Considering each residential area separately, neither the prevalence of at least one parental smoker nor the prevalence of children with a Pb exposing hobby changed markedly in the period 1995–2001. However, the prevalence of at least one parental smoker varied significantly between the residential areas (34% in both rural areas, 56–58% in the urban areas, and 67% in the near smelter area; χ2 test p < 0.001). A significant effect of parental smoking habits on B-Pb was found for the near smelter area (on average 18% higher B-Pb if at least one parent was a smoker, p = 0.02; a similar result was obtained when adjusted for sample year, age, and sex) and for the urban area of Landskrona (14% higher B-Pb, p = 0.007; adjusted result similar). Furthermore, the frequency of children with a Pb exposing hobby was highest in the near smelter area (24% compared to 12–19% in the other areas; p = 0.11), but no effect on B-Pb was found within the areas.
Our data show a dramatic decrease of B-Pb in children during the period 1978–2001. In prospective studies from other geographical areas, similar relative decrease rates, though on much higher absolute B-Pb levels, have been recorded.4,5
Up to 1994, there was a gradual decrease of Pb in petrol.1 There was no clearly consistent change of B-Pb in the period 1995–2001—that is, after the total disappearance of Pb from petrol. The role of Pb in petrol as a main source of Pb exposure was also indicated by the presence of a difference between urban and rural areas at the beginning of the period, but not at the end. A clear association between petrol Pb and B-Pb has been seen in several studies in different countries.6
There was an effect on B-Pb by living near the smelters, but the impact was small. In recent years, all children had B-Pb far below the community intervention level of 100 μg/l used in the USA,7 certainly because the emissions were limited and mainly occurred several years ago.1 However, there might be remaining Pb contamination of the soil. Furthermore, the current B-Pb should, to some extent, be influenced by earlier absorption in the children, resulting in endogenous exposure from deposits in the skeleton.8 Furthermore, the prevalence of parental smoker(s) was highest in the near smelter area. The present data indicated that parental smoking affected children’s B-Pb, an effect that has been addressed previously.9
Age and sex did not significantly influence B-Pb in the children studied in the period 1995–2001. Previously, we found lower B-Pb in girls than in boys.1 One should bear in mind, however, that the earlier years also included children who were older than 12 years, and the sex difference was most pronounced for such children, particularly in the beginning of the period when the Pb exposure was higher.

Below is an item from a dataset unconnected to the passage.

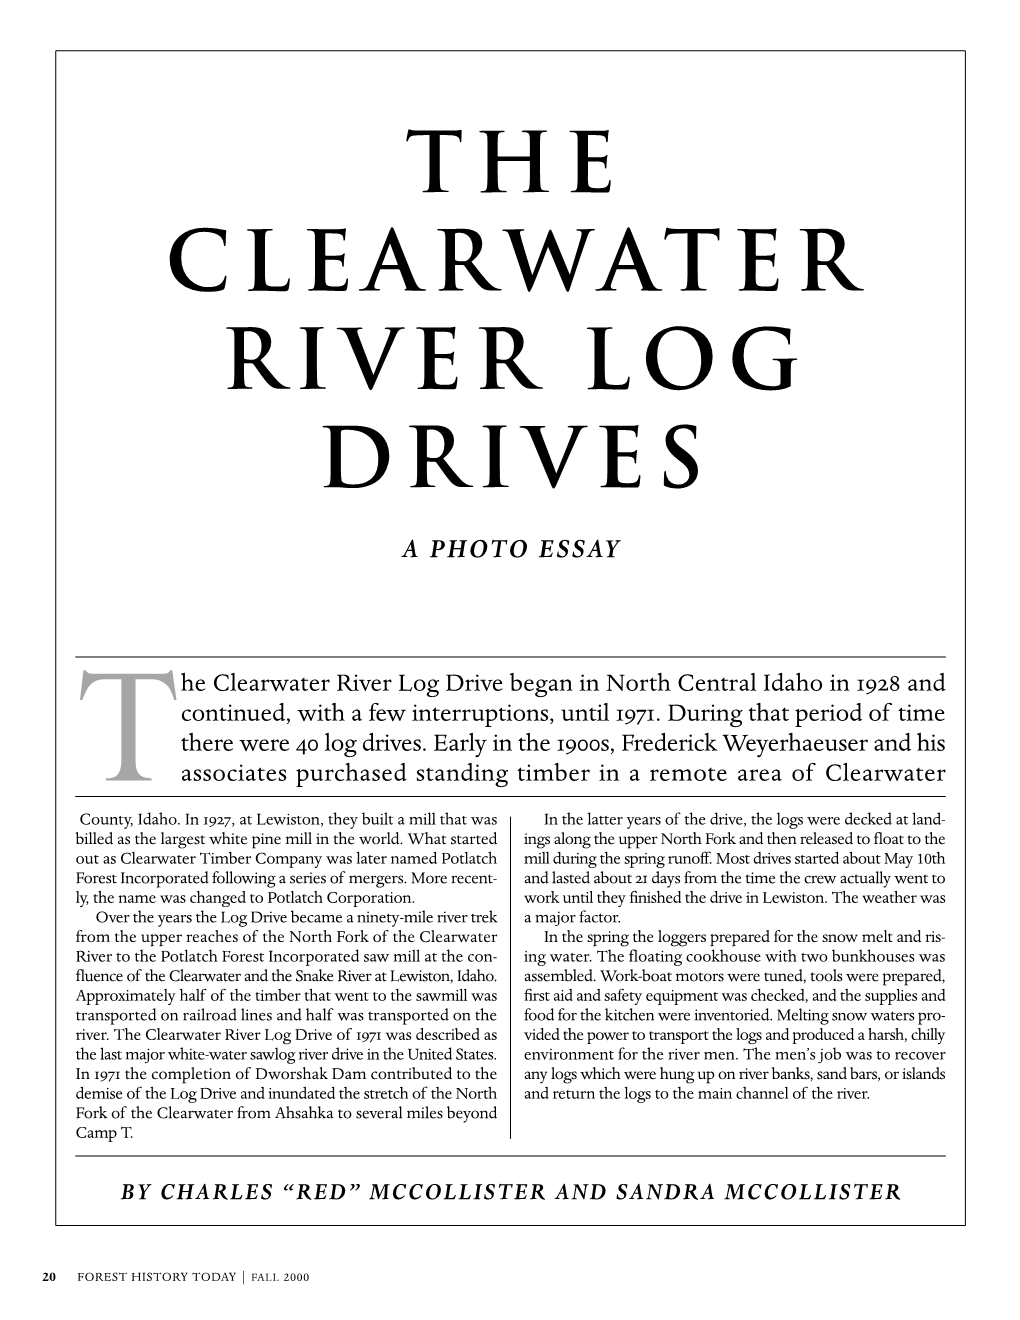 The Clearwater River Log Drives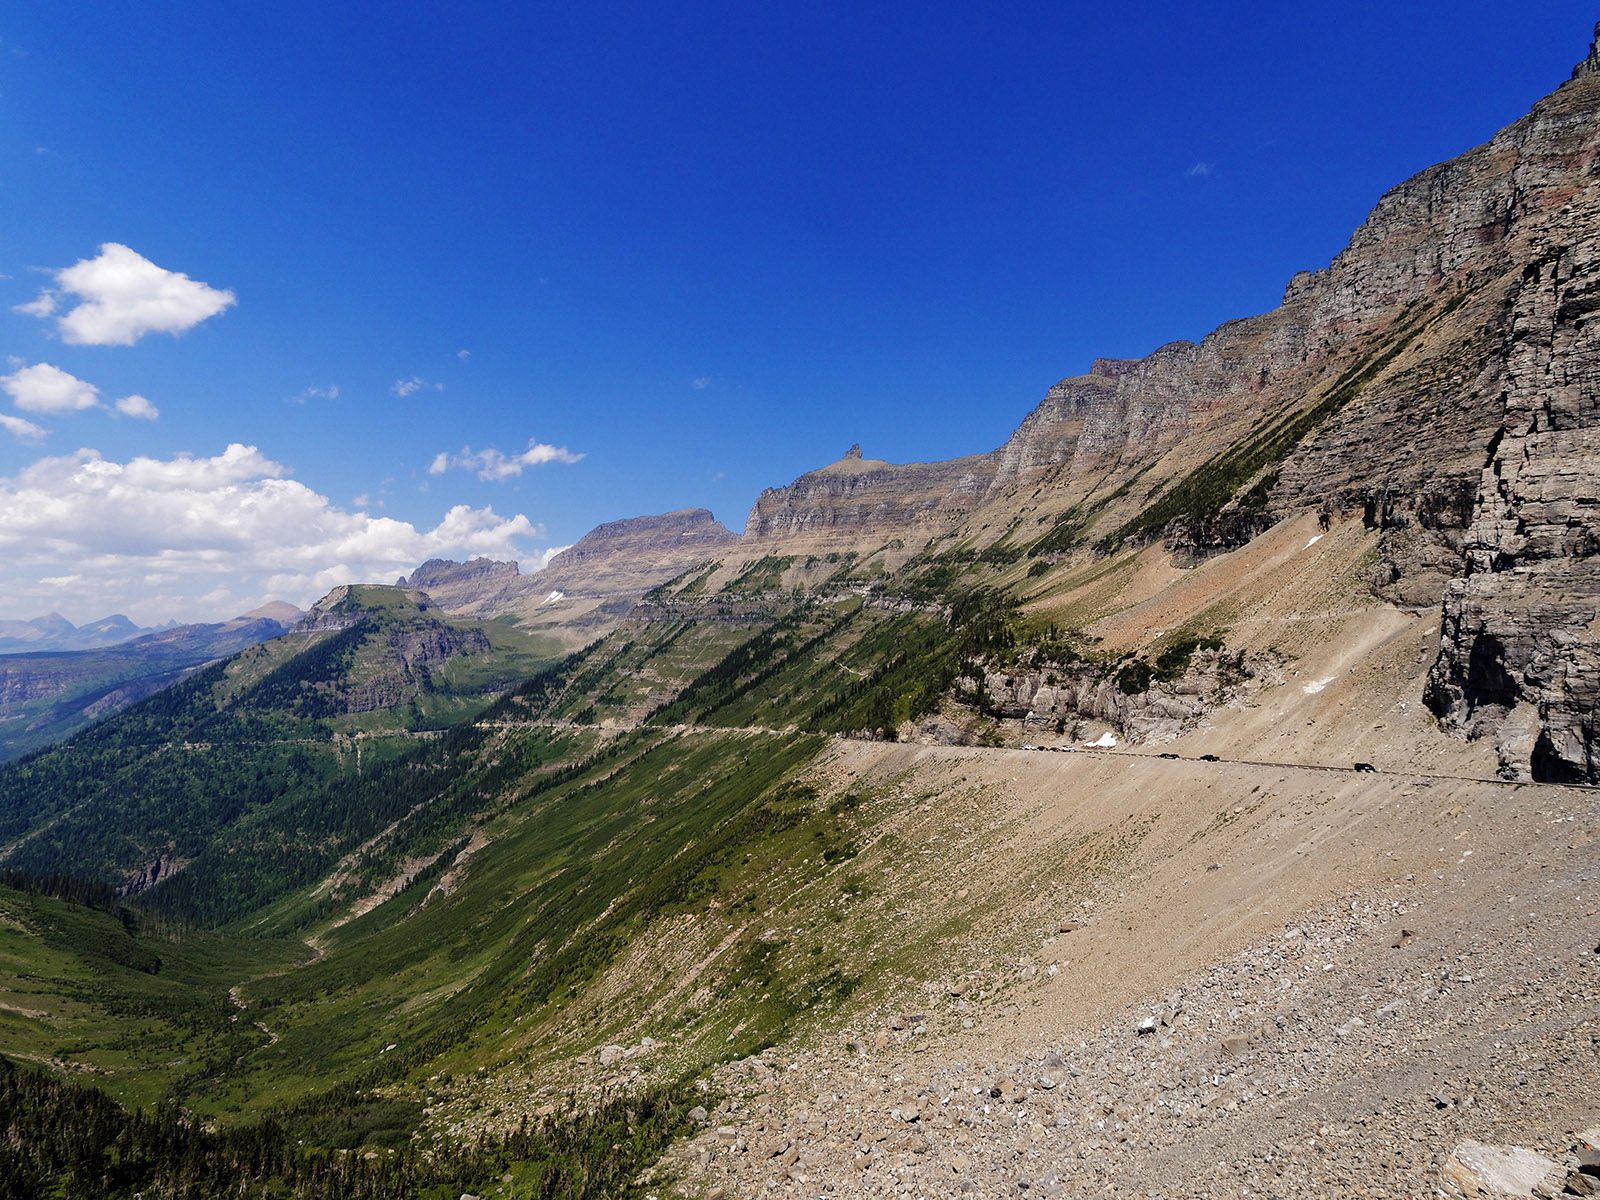 At the top of Going-to-the-Sun Road looking along the western ridge (Garden Wall) which was carved by glaciers.

The children in the non-smelter areas seem to have stabilised their B-Pb at an average level close to 20 μg/l. This value is low in an international perspective,10 and definitely lower than the intercept of about 30 μg/l, as petrol Pb is reduced to zero, estimated in populations from different parts of the world after phasing out petrol Pb.6 The reasons for the low value observed in the present study might be the small size of the towns6 and—more importantly—the lack of significant Pb exposure from sources known to be important in other parts of the world, such as Pb contaminated drinking water, Pb based paint, and Pb soldered cans.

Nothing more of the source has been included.